(By Street Authority) Europe is on the ropes, U.S. businesses remain cautious, and U.S. consumers are ill-inclined to spend money. Meanwhile, crude oil has been in triple-digit territory.
That should all spell deep trouble for the nation's airlines.
Instead, they just posted a superb quarter. According to data compiled by Deutsche Bank, the seven top U.S. airlines just bagged a collective $247 million operating profit. That compares with a modest loss for the industry a year ago, and comes at a time when the collective bill for jet fuel is $1.8 billion higher than last year's first quarter.

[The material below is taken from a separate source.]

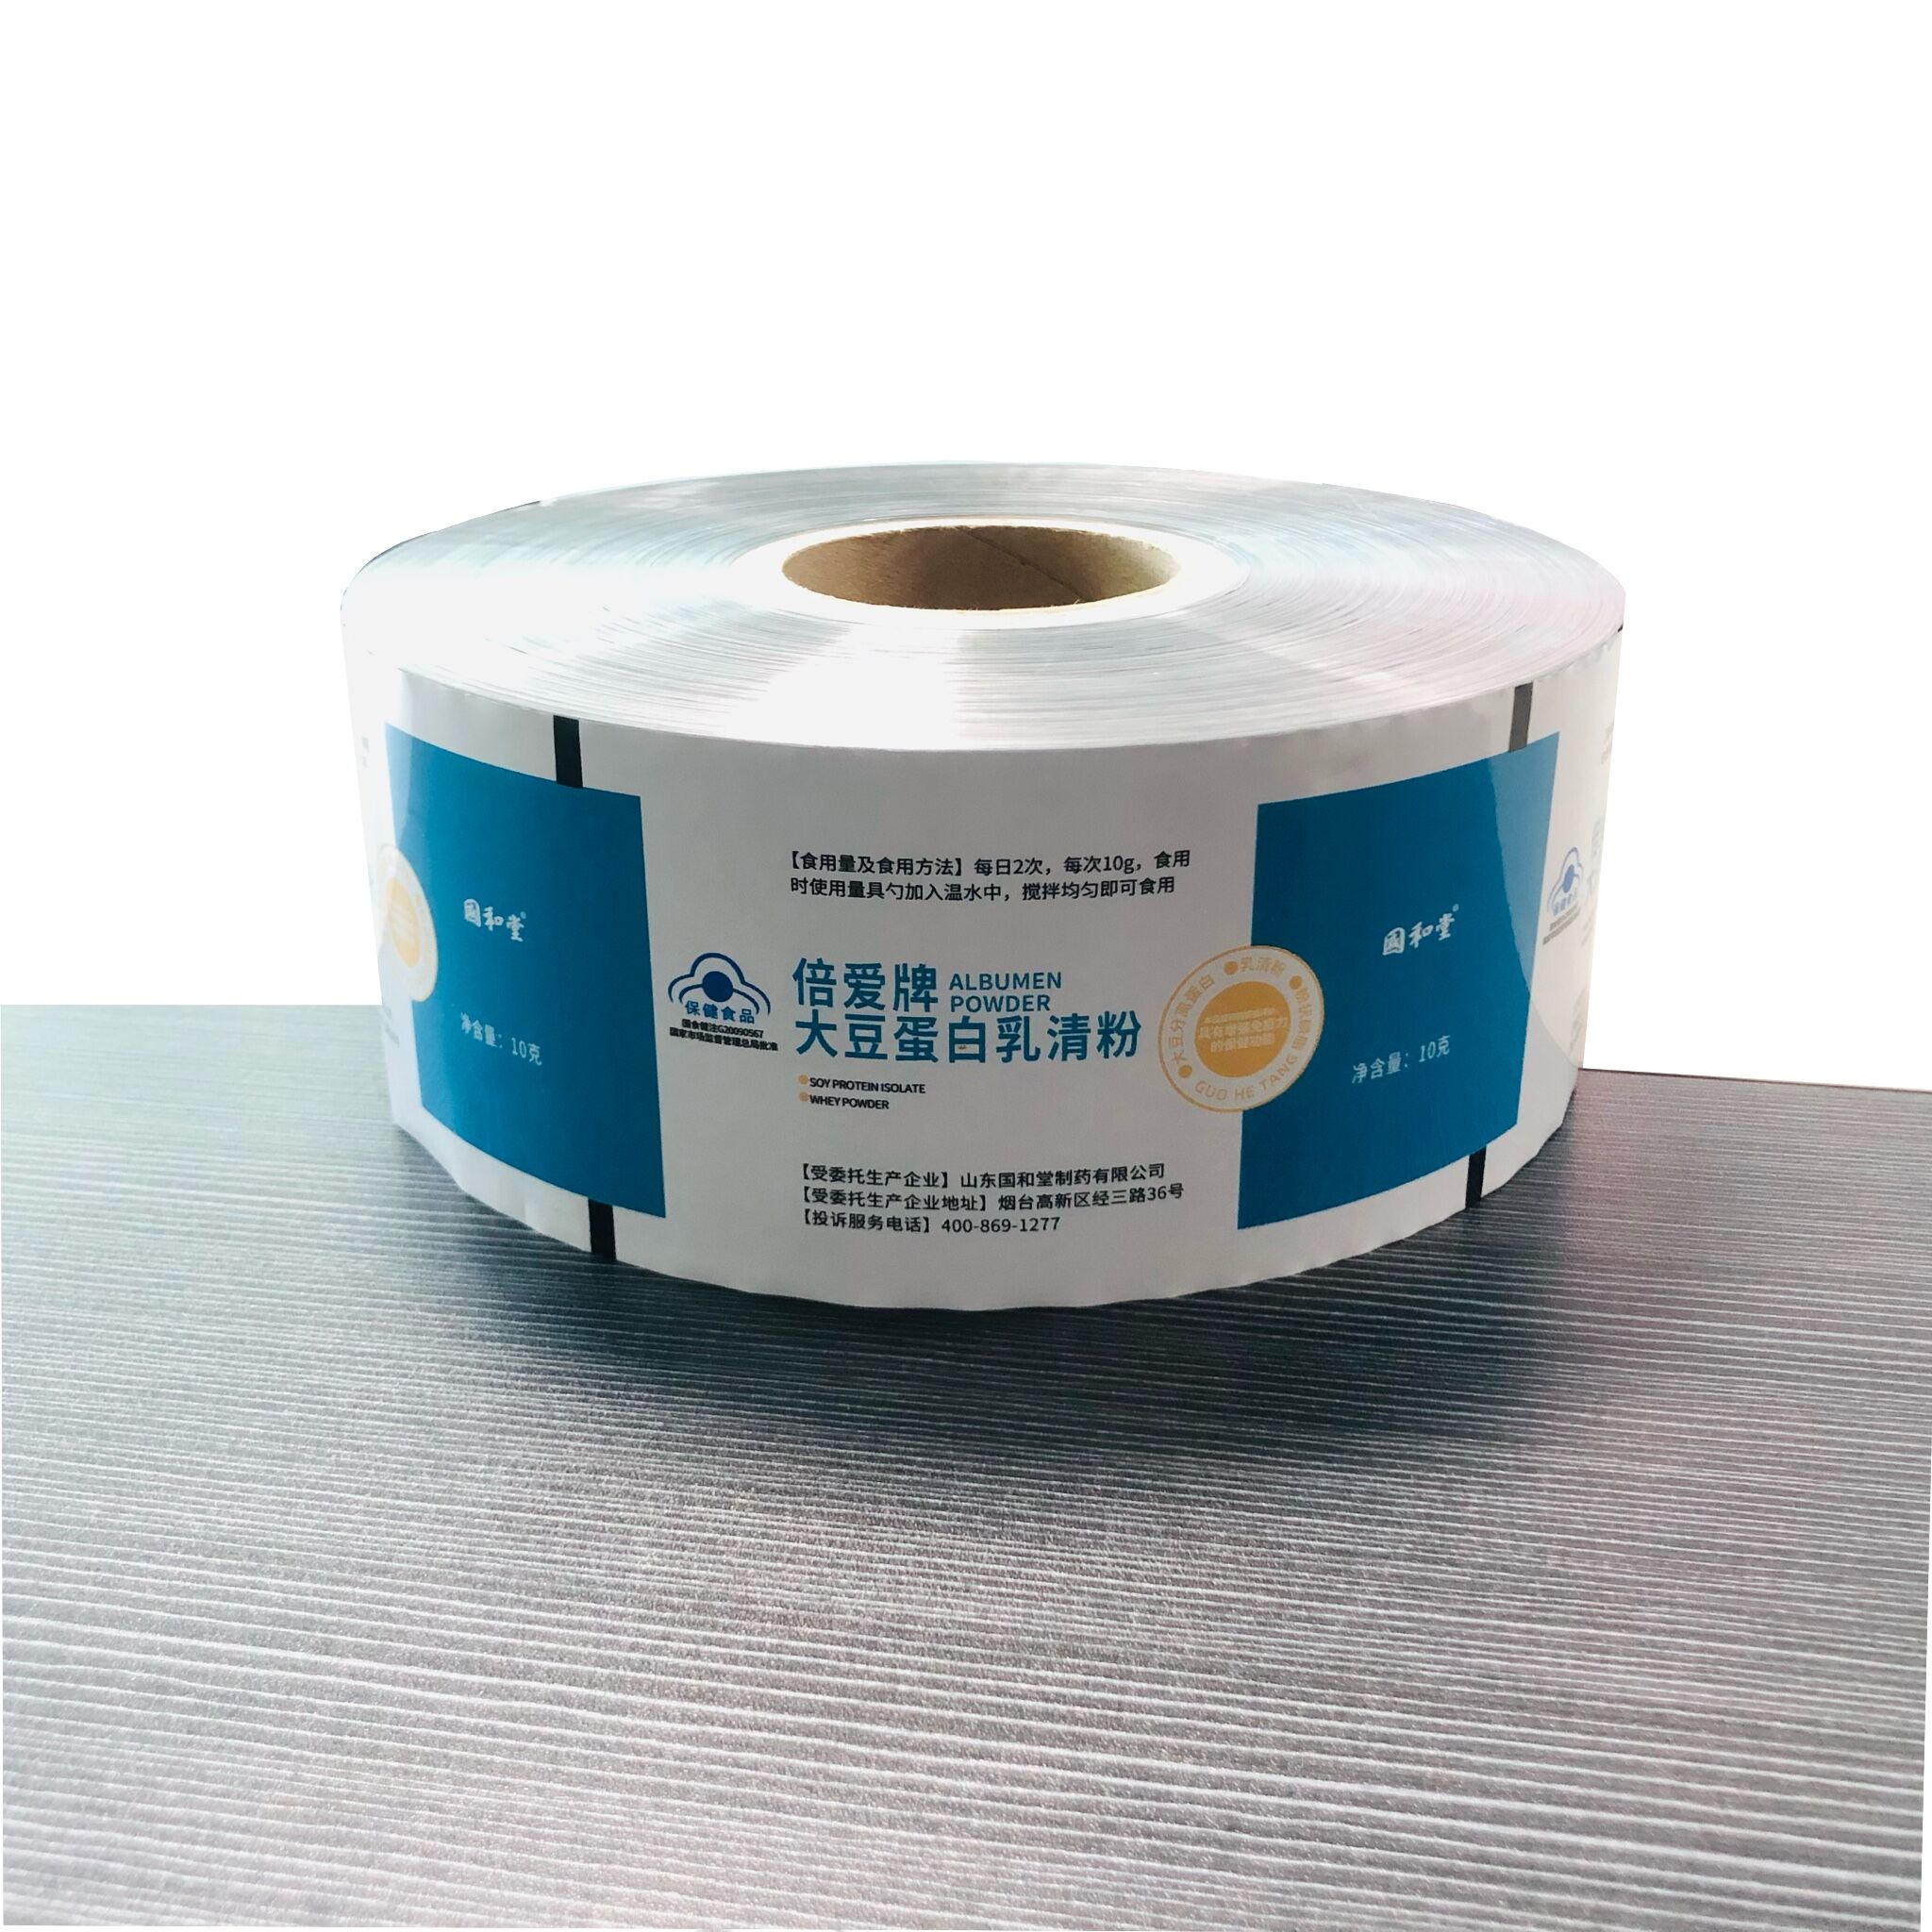 OEM/ODM China Aluminum Foil Plastic Film - Powder Product Packaging Composite Film Roll  – Meifeng Packaging
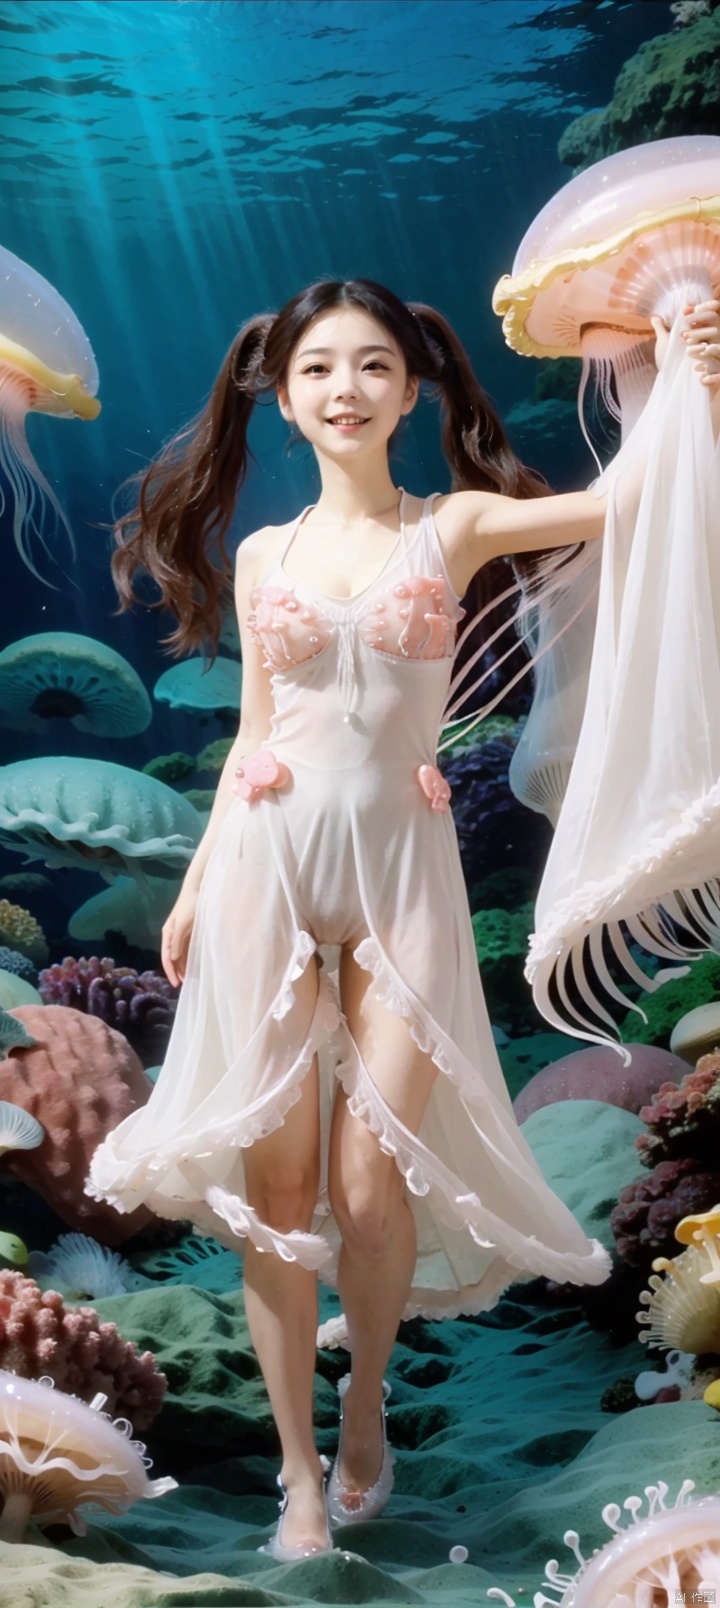   (***** full body:1.5),(very big jellyfish:1.5),(under sea:1.5),(dance:1.3),(seabed:1.5),laugh,smile,happy,exciting,very transparent gauze garment,very transparent clothing,twintails,hair buns,straight hair,long hair,black hair,Narrow shoulders,extremely detailed eyes and face, beautiful detailed eyes,big eyes, jellyfish,coral,octopus,shell,shells,jellyfish,coral,octopus,shell,shells,very long hair,

The fact that decent profits were generated in the slowest quarter of the year tells you something. The current quarter and the third quarter are typically the most profitable, thanks to rising levels of travel. For all of 2012, Deutsche Bank now thinks the top seven domestic carriers can earn a collective $3.8 billion, well ahead of the $2.3 billion earned in 2011.
Frankly, that forecast could be off the mark. The analysts assume oil prices will stay range-bound, but they are starting to weaken, recently crossing below $100 a barrel. Might we be looking at $4 billion or even $5 billion in industry profits? It's possible -- and investors who recognize this early on could profit handsomely after the rest of the crowd catches on.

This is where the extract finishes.